Files
goplt/docs/content/stories/epic6/6.1-enhanced-observability.md

73 lines
2.4 KiB
Markdown

# Story 6.1: Enhanced Observability
## Metadata
- **Story ID**: 6.1
- **Title**: Enhanced Observability
- **Epic**: 6 - Observability & Production Readiness
- **Status**: Pending
- **Priority**: High
- **Estimated Time**: 6-8 hours
- **Dependencies**: 1.6, 5.2, 5.1
## Goal
Enhance observability with full OpenTelemetry integration, comprehensive Prometheus metrics expansion, and improved logging with request correlation.
## Description
This story enhances the observability system by completing OpenTelemetry integration with all infrastructure components, expanding Prometheus metrics, and improving logging with better correlation and structured fields.
## Deliverables
### 1. Complete OpenTelemetry Integration
- Export traces to Jaeger/OTLP collector
- Add database instrumentation (Ent interceptor)
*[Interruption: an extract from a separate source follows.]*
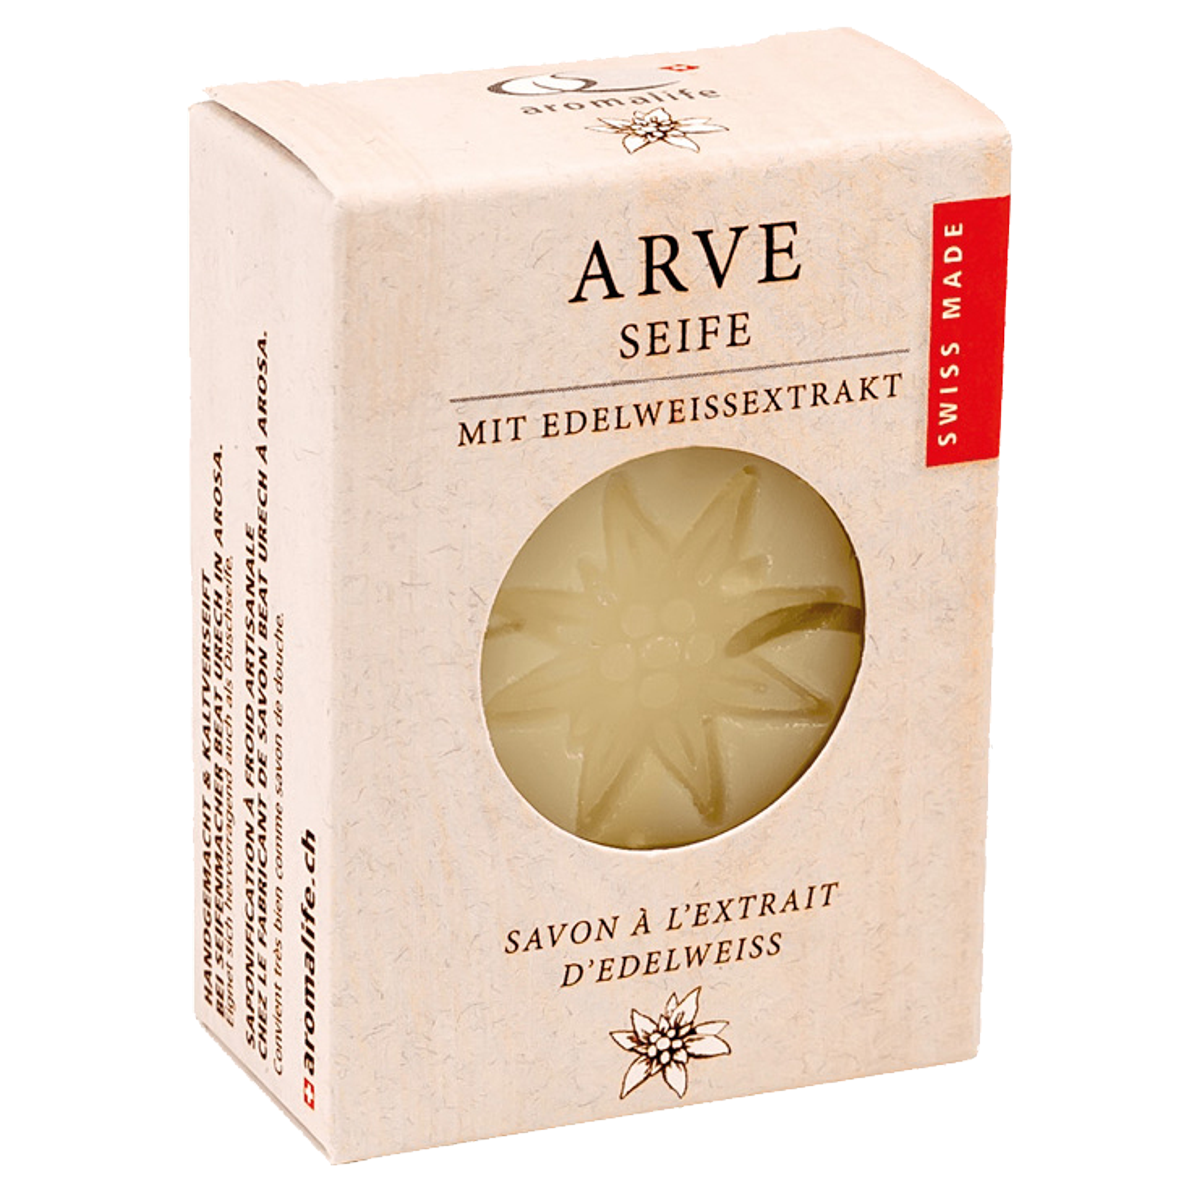 Aromalife Arve Seife mit Edelweissextrakt 90 g
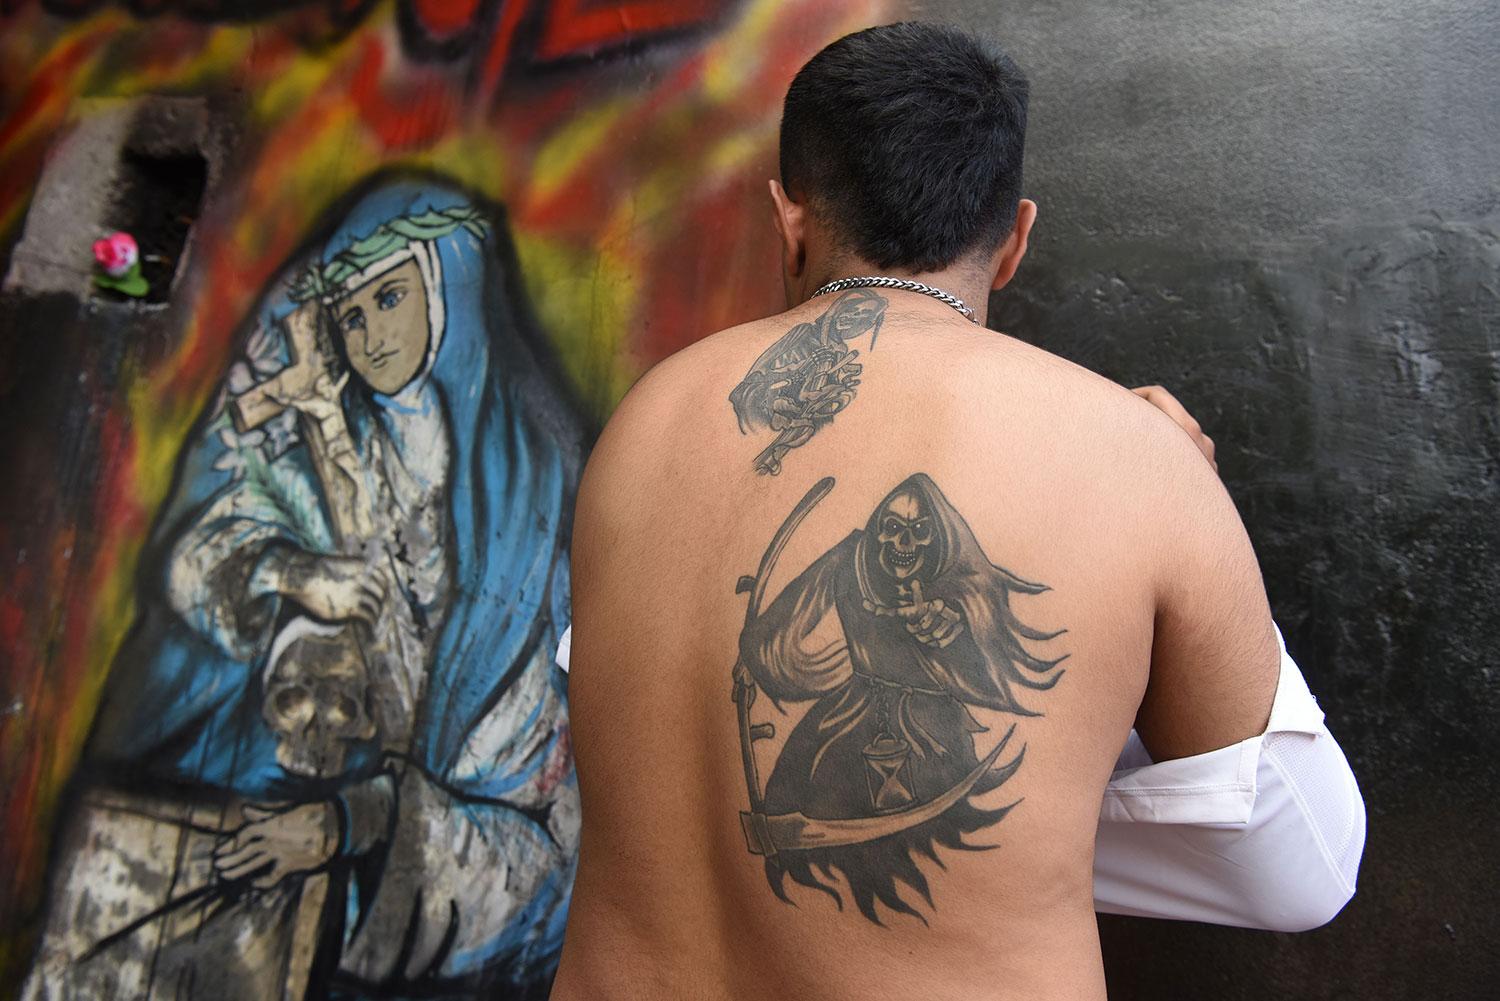 EN LA PIEL. Los tatuajes de San La Muerte predominante entre sus seguidores. LA GACETA / DIEGO ARÁOZ

- Add Kafka instrumentation
- Add Redis instrumentation
- Create custom spans:
- Module initialization spans
- Background job spans
- Event publishing spans
- Trace context propagation:
- Include trace ID in logs
- Propagate across HTTP calls
- Include in error reports
### 2. Prometheus Metrics Expansion
- Add more metrics:
- Database connection pool stats
- Cache hit/miss ratio
- Event bus publish/consume rates
- Background job execution times
- Module-specific metrics (via module interface)
- Create metric labels:
- `module` label for module metrics
- `tenant_id` label (if multi-tenant)
- `status` label for error rates
### 3. Enhanced Logging
- Add structured fields:
- `user_id` from context
- `tenant_id` from context
- `module` name for module logs
- `trace_id` from OpenTelemetry
- Create log aggregation config:
- JSON format for production
- Human-readable for development
- Support for Loki/CloudWatch/ELK
## Acceptance Criteria
- [ ] Traces are exported and visible in Jaeger
- [ ] All infrastructure components are instrumented
- [ ] Trace IDs are included in logs
- [ ] Metrics are expanded with new dimensions
- [ ] Logs include all correlation fields
- [ ] Log aggregation works correctly
## Files to Create/Modify
- `internal/observability/tracer.go` - Enhanced tracing
- `internal/infra/database/client.go` - Add tracing
- `internal/infra/cache/redis_cache.go` - Add tracing
- `internal/infra/bus/kafka_bus.go` - Add tracing
- `internal/metrics/metrics.go` - Expanded metrics
- `internal/logger/zap_logger.go` - Enhanced logging